Sport 14: Autumn 1995
Vincent O'Sullivan
Vincent O'Sullivan
Primavera
Walk into a room when she’s there
but expecting no one, when the trees
at the broad window finger across the room,
she’s part of it, see, it’s spring
just beginning, sudden as all that,
and dozey and slow
as things are about October.
She sees you and she moves,
makes out she was waiting,
just for this,
realises a smile won’t do, that she has
to say something, that out there
has come inside.
And the look in her eyes,
as if this were something she never expected,
as though picking up a fax that’s about herself
but the print too small to quite make out.

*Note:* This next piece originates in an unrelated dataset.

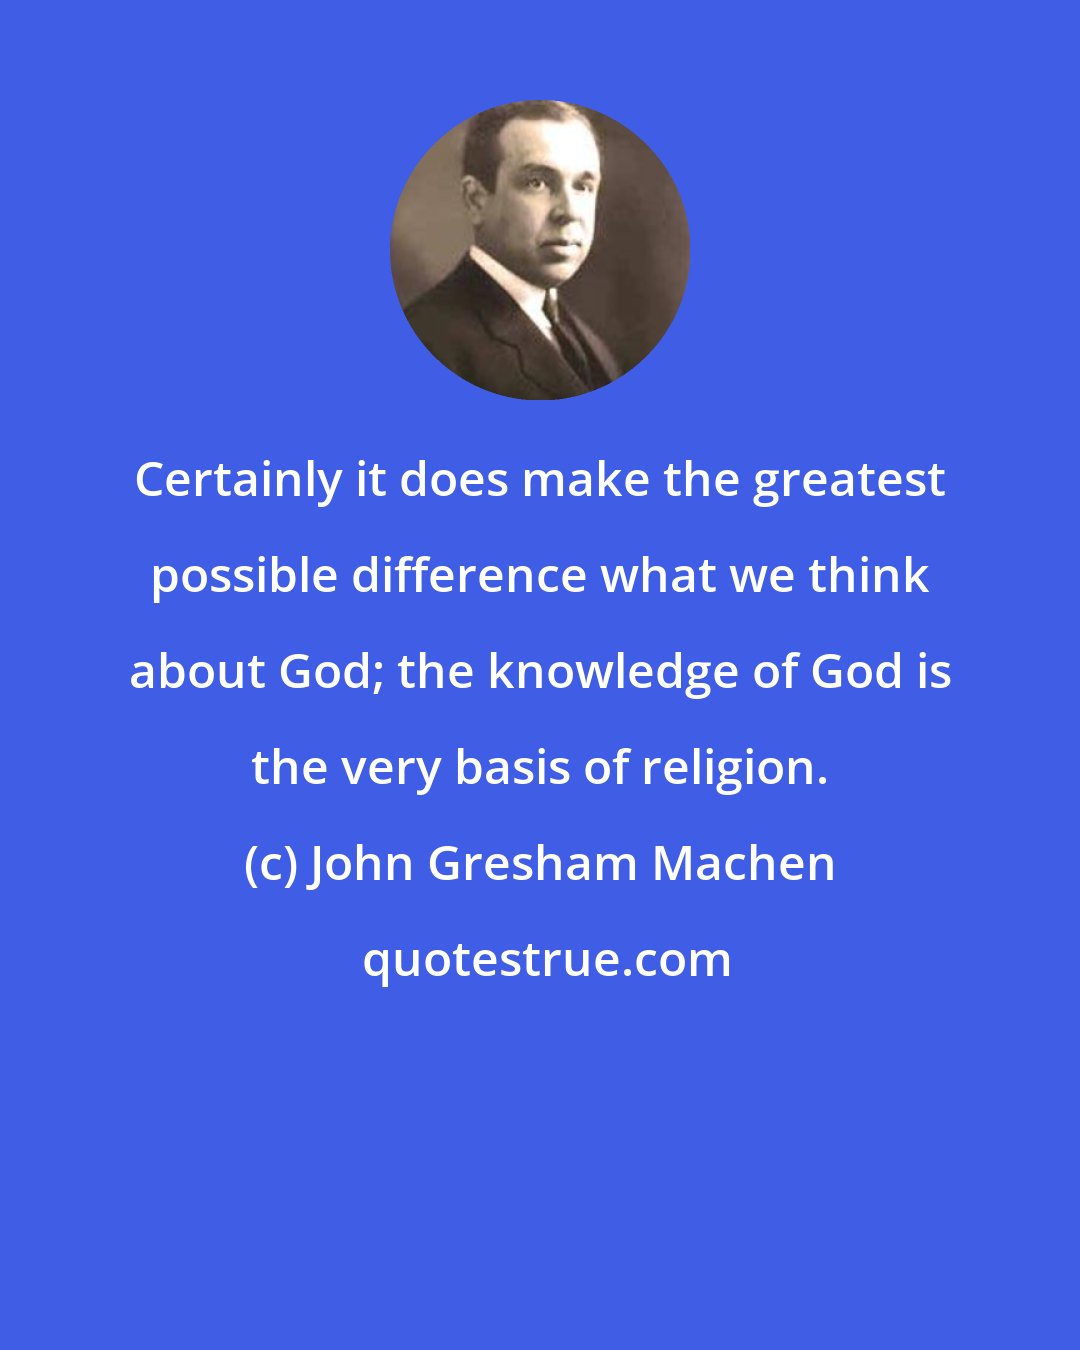 John Gresham Machen: Certainly it does make the greatest possible difference what we think about God; the knowledge of God is the very basis of religion.

She’s lovely she’s fresh she’s not quite with it.
She’ll do fine.
‘That’s about all I’d want
a poem to say,’ you hear her saying.
Not fussed either way.
Secular Thoughts
With her hands in frilled white
cuffs and her arms spread
to either side in a dark armchair
she relaxes the entire room,
the city, the morbidities of career
talk, while the fire
leaps on itself, the shaded
lamp brims its chaste corner,
the rims of glasses
floating their thin bangles.
She grows ‘lovelier and lovelier’
while nothing is said,
nor done, nor intended,
nor, mind you, quite out of the question.
Think of fishes and five loaves.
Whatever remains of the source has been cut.